Most teams chase keywords like a stock ticker. Feels busy. Looks official. But the work that moves the needle sits inside your four walls. Your sitemap already encodes what you sell and how you talk about it. Your Knowledge Base already holds the facts that make your story credible. When you turn those two sources into a daily topic engine, you stop guessing and start shipping.
This is not about another dashboard or a new spreadsheet. It is about a simple, governed system that discovers topics from your sitemap and KB every morning, scores them, and pushes approved ones into production. Fewer arguments. Fewer ad hoc requests. More high-quality content, on brand, at a steady cadence.
Key Takeaways:
- Convert sitemap nodes and KB entities into a queryable topic universe you can score and ship
- Run three practical gap-detection patterns weekly or daily to fill coverage holes fast
- Apply a repeatable scoring function that prioritizes on-brand, KB-backed topics
- Use a Topic Bank with approvals, capacity limits, and requeue rules to prevent overload
- Keep governance tight with canonical entities, freshness signals, and auditability
- Automate the flow from discovered topic to published post without external monitoring
Why External Keyword Chasing Slows Real Content Ops
Your sitemap and KB are the highest-signal sources you are ignoring
Most teams think keyword volume is the signal. It is not. Your sitemap is a living map of what your market sees from you, and your KB is the canonical truth of what you do. Together they beat noisy public data because they are specific, timely, and governable.
- Treat the sitemap as your market-facing intent. Each node is a promise to a user.
- Treat the KB as your factual backbone. It keeps claims accurate, reduces rewrites, and protects brand safety.

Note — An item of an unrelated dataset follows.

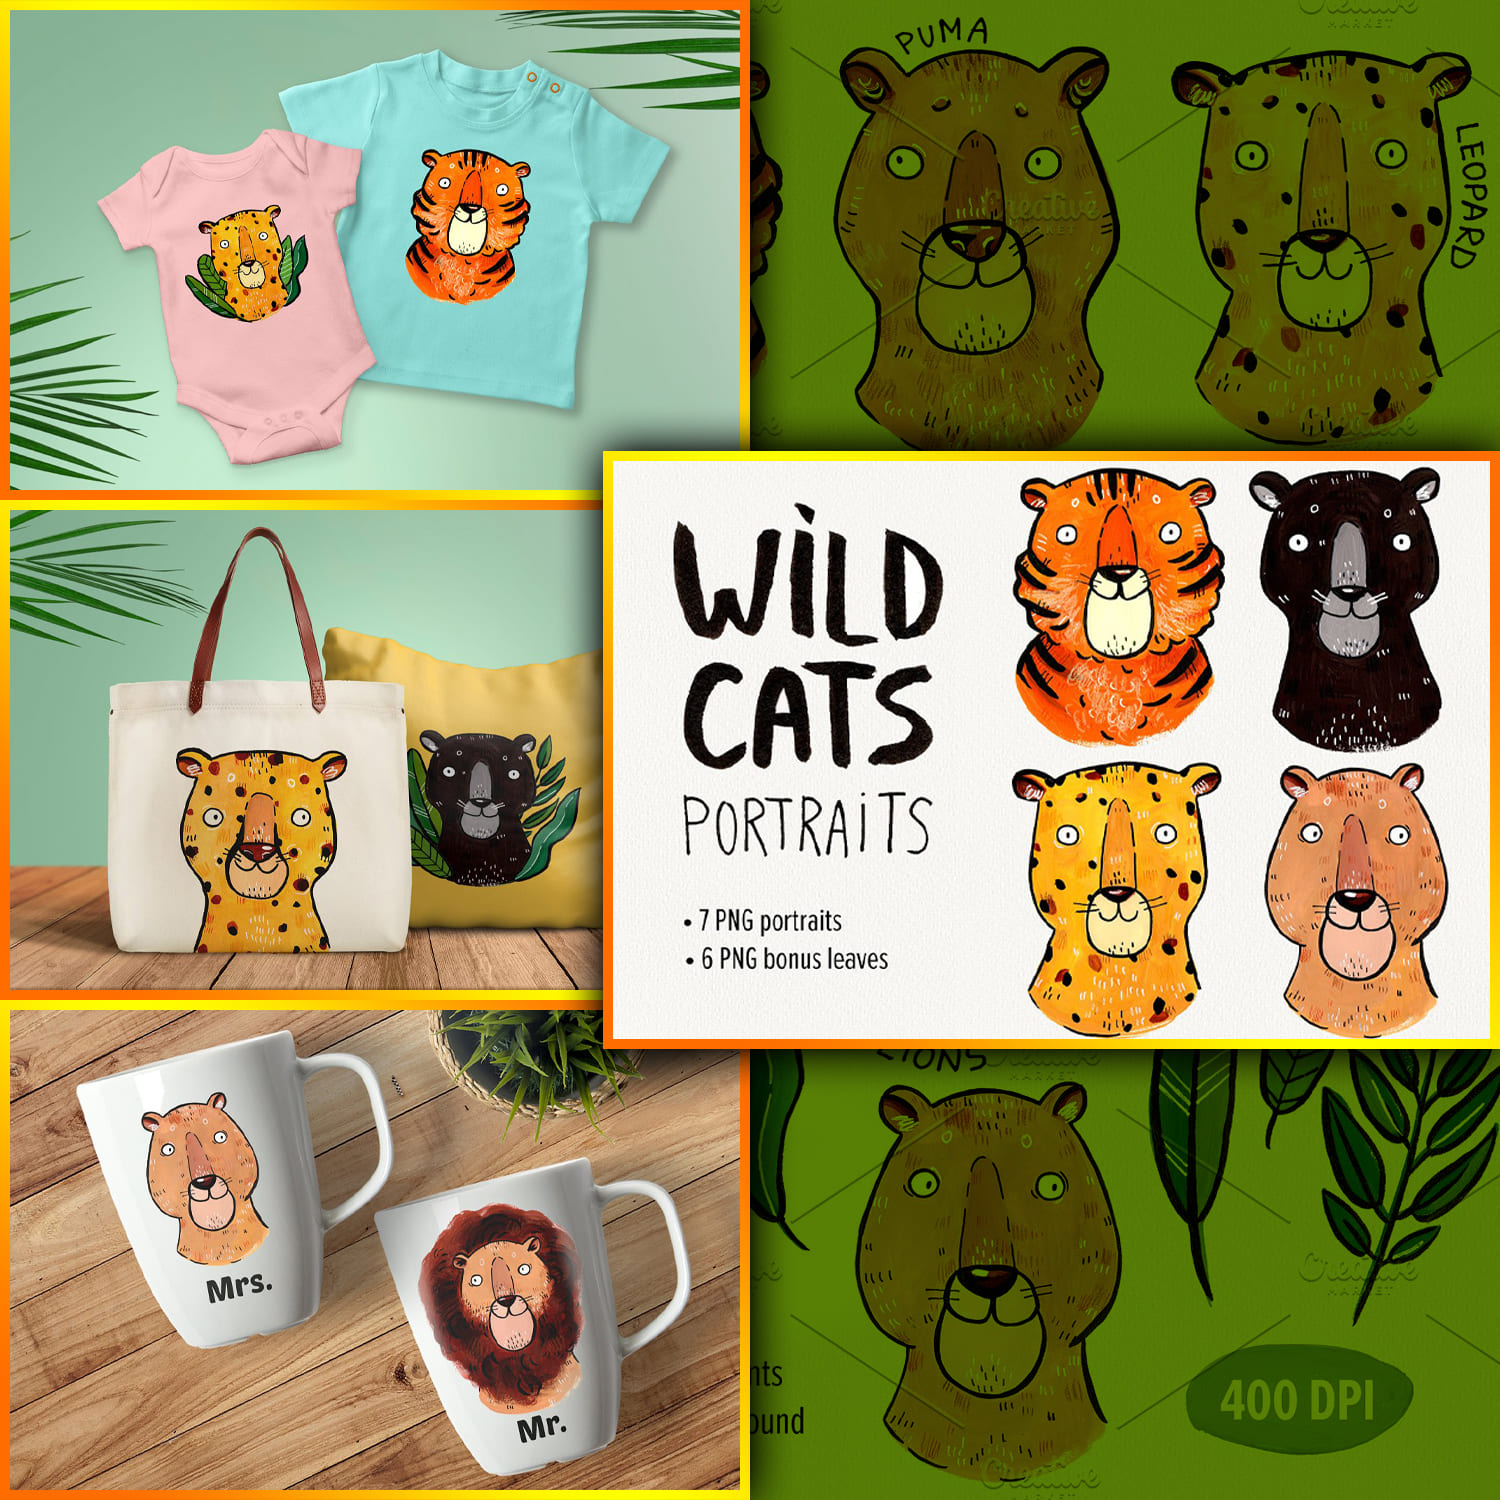 Wild Cats portraits set cover.

- Build topics from these two inputs first, then let search confirm fit later. Not the other way around.
Want a clean way to unify these sources? Start by centralizing entities and voice rules in brand intelligence. That makes your KB the single source of truth for names, claims, and narratives.
Public volumes miss what matters most in B2B
B2B intent is sparse and oddly phrased. Public tools smooth over nuance, undercount long-tail phrases, and rename your features. Internal docs show real user language, objections, and product terms straight from sales and support.
- Example: “workspace-scoped webhooks” from your docs will outperform “webhook guide” for your audience, even if volume says otherwise, because it matches your product reality and your buyers’ exact questions.
If you want to prioritize consistently, use your internal signals. A structured engine can surface what matters without chasing vanity metrics. See how a system frames prioritization with a focus on what to ship using the visibility engine.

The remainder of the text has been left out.